More than 5 years have passed since last update.

秘密計算ことはじめ2019

Posted at 2019-11-17

Pyfhel(Python For Homomorphic Encryption Libraries)という完全準同型暗号ライブラリのチートシートです。

Pyfhelを使うと暗号化されたデータを復号せずにそのまま演算することが可能です。

Pyfhelについて

ソースコード
- ibarrond/Pyfhel: PYthon For Homomorphic Encryption Libraries, perform encrypted computations such as sum, mult, scalar product or matrix multiplication in Python, with NumPy compatibility. Uses SEAL/HElib/PALISADE as backends, implemented using Cython.
ドキュメント
- Welcome to Pyfhel’s documentation! — Pyfhel 18/11/2018 documentation

インストール

pip3 install pyfhel

from Pyfhel import Pyfhel, PyCtxt, PyPtxt

Name	Memo
PyPtxt	プレーンテキストデータを格納するためのオブジェクト
PyCtxt	暗号文を格納するのためのオブジェクト
Pyfhel	PyCtxtに対する関数¹などを含むオブジェクト

Pythonのバージョン等は下記の通り

Python (3.4+) & Cython on top of C++17. (REQUIRED: Python must have been compiled with C++17: g++>=6 | clang++>=5.0, Visual Studio 2017.).
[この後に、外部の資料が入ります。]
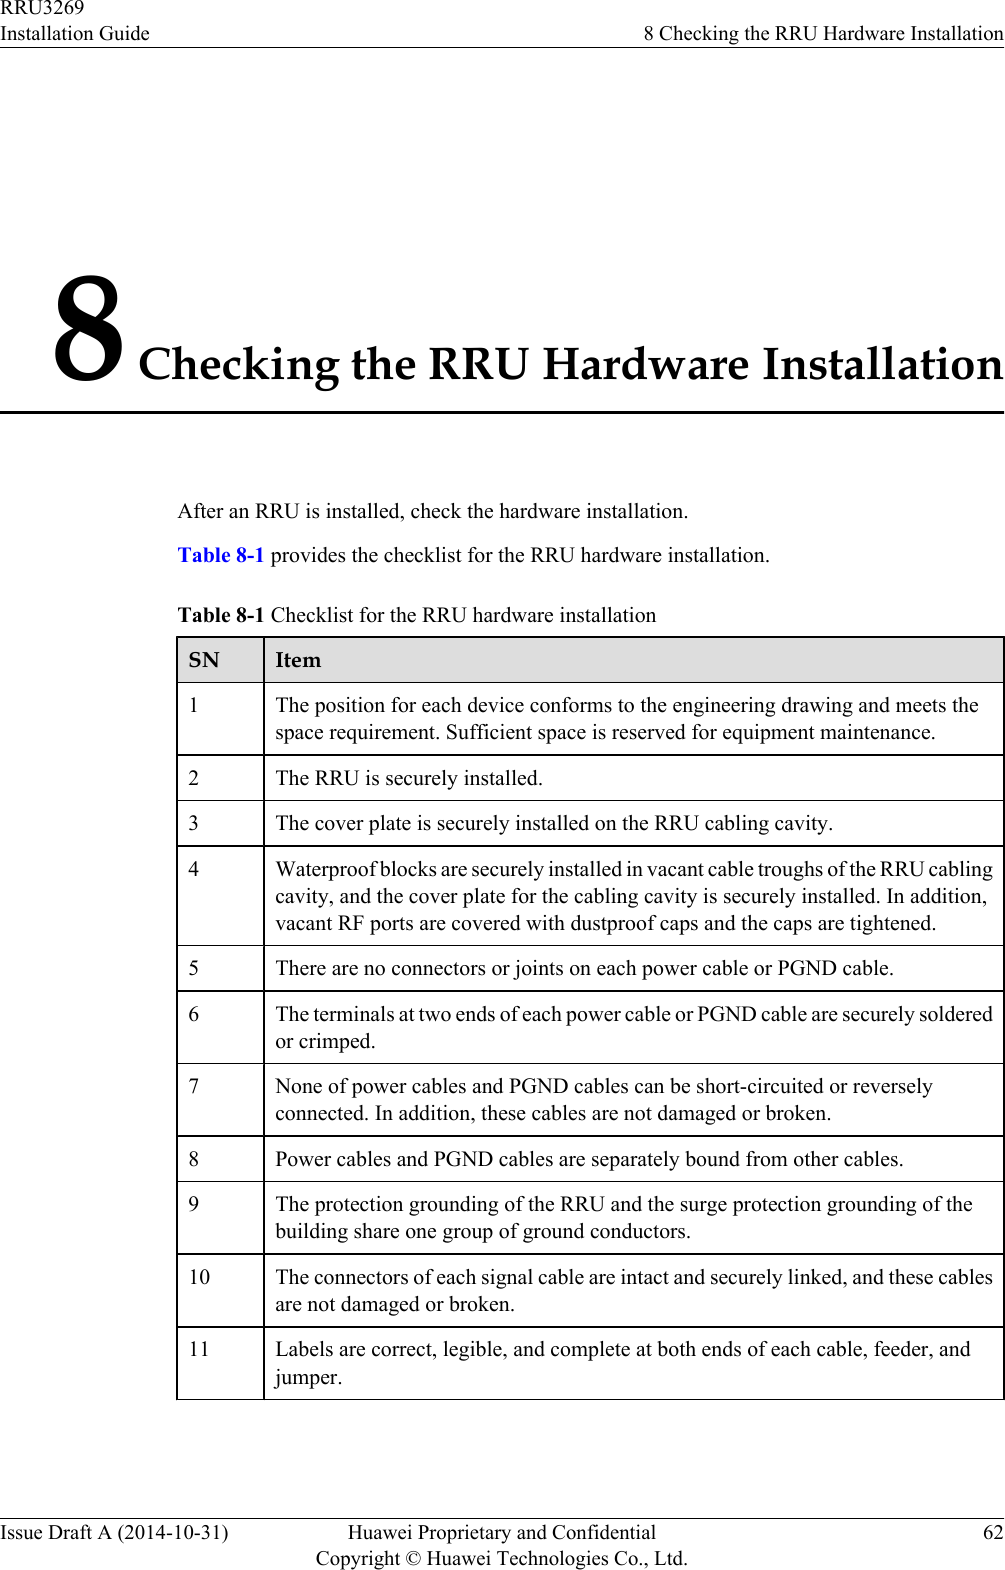 8 Checking the RRU Hardware InstallationAfter an RRU is installed, check the hardware installation.Table 8-1 provides the checklist for the RRU hardware installation.Table 8-1 Checklist for the RRU hardware installationSN Item1The position for each device conforms to the engineering drawing and meets thespace requirement. Sufficient space is reserved for equipment maintenance.2 The RRU is securely installed.3 The cover plate is securely installed on the RRU cabling cavity.4 Waterproof blocks are securely installed in vacant cable troughs of the RRU cablingcavity, and the cover plate for the cabling cavity is securely installed. In addition,vacant RF ports are covered with dustproof caps and the caps are tightened.5 There are no connectors or joints on each power cable or PGND cable.6 The terminals at two ends of each power cable or PGND cable are securely solderedor crimped.7 None of power cables and PGND cables can be short-circuited or reverselyconnected. In addition, these cables are not damaged or broken.8 Power cables and PGND cables are separately bound from other cables.9 The protection grounding of the RRU and the surge protection grounding of thebuilding share one group of ground conductors.10 The connectors of each signal cable are intact and securely linked, and these cablesare not damaged or broken.11 Labels are correct, legible, and complete at both ends of each cable, feeder, andjumper.RRU3269Installation Guide 8 Checking the RRU Hardware InstallationIssue Draft A (2014-10-31) Huawei Proprietary and ConfidentialCopyright © Huawei Technologies Co., Ltd.62

インストールは結構時間がかかるので注意。Google Colaboratoryで5分くらいかかる。

鍵の生成

he = Pyfhel()
he.contextGen(p=65537, m=4096)
he.keyGen()

p：Plaintext modulus.　巨大な素数、全ての処理はmod pで行われる
m：Coefficient modulus　m=pow(2,12)などと指定すると良い

鍵の書き出し・読み込み

he.saveContext('context.txt') #コンテキストをファイルに保存
he.savepublicKey('pub.key')  #公開鍵をファイルに保存
he.savesecretKey('secret.key') #秘密鍵をファイルに保存

he.restoreContext('context.txt') #コンテキストをファイルから読み込み
he.restorepublicKey('pub.key')  #公開鍵をファイルから読み込み
he.restoresecretKey('secret.key') #秘密鍵をファイルから読み込み

コンテキストはよくわからないが、おそらくpとmのパラメータに関する情報だと思われる。
暗号化だけならContextとpublicKeyをrestoreすれば十分
復号だけならContextとsecretKeyだけrestoreすれば十分

暗号化・復号

# int型の暗号化・復号
enc_13 = he.encryptInt(13)
dec_13 = he.decryptInt(enc_13)

# float型の暗号化・復号
enc_11dot13 = he.encryptFrac(11.13)
dec_11dot13 = he.decryptFrac(enc_11dot13)

# array型の暗号化・復号（各要素がint型の場合）
he = Pyfhel()
he.contextGen(p=65537, m=4096, flagBatching=True)  #flagBatchingをTrueにする
enc_1113 = he.encryptBatch([1,1,1,3])
dec_1113 = he.decryptBatch(enc_1113)
print(enc_1113, dec_1113[len(enc_1113), len(dec_1113))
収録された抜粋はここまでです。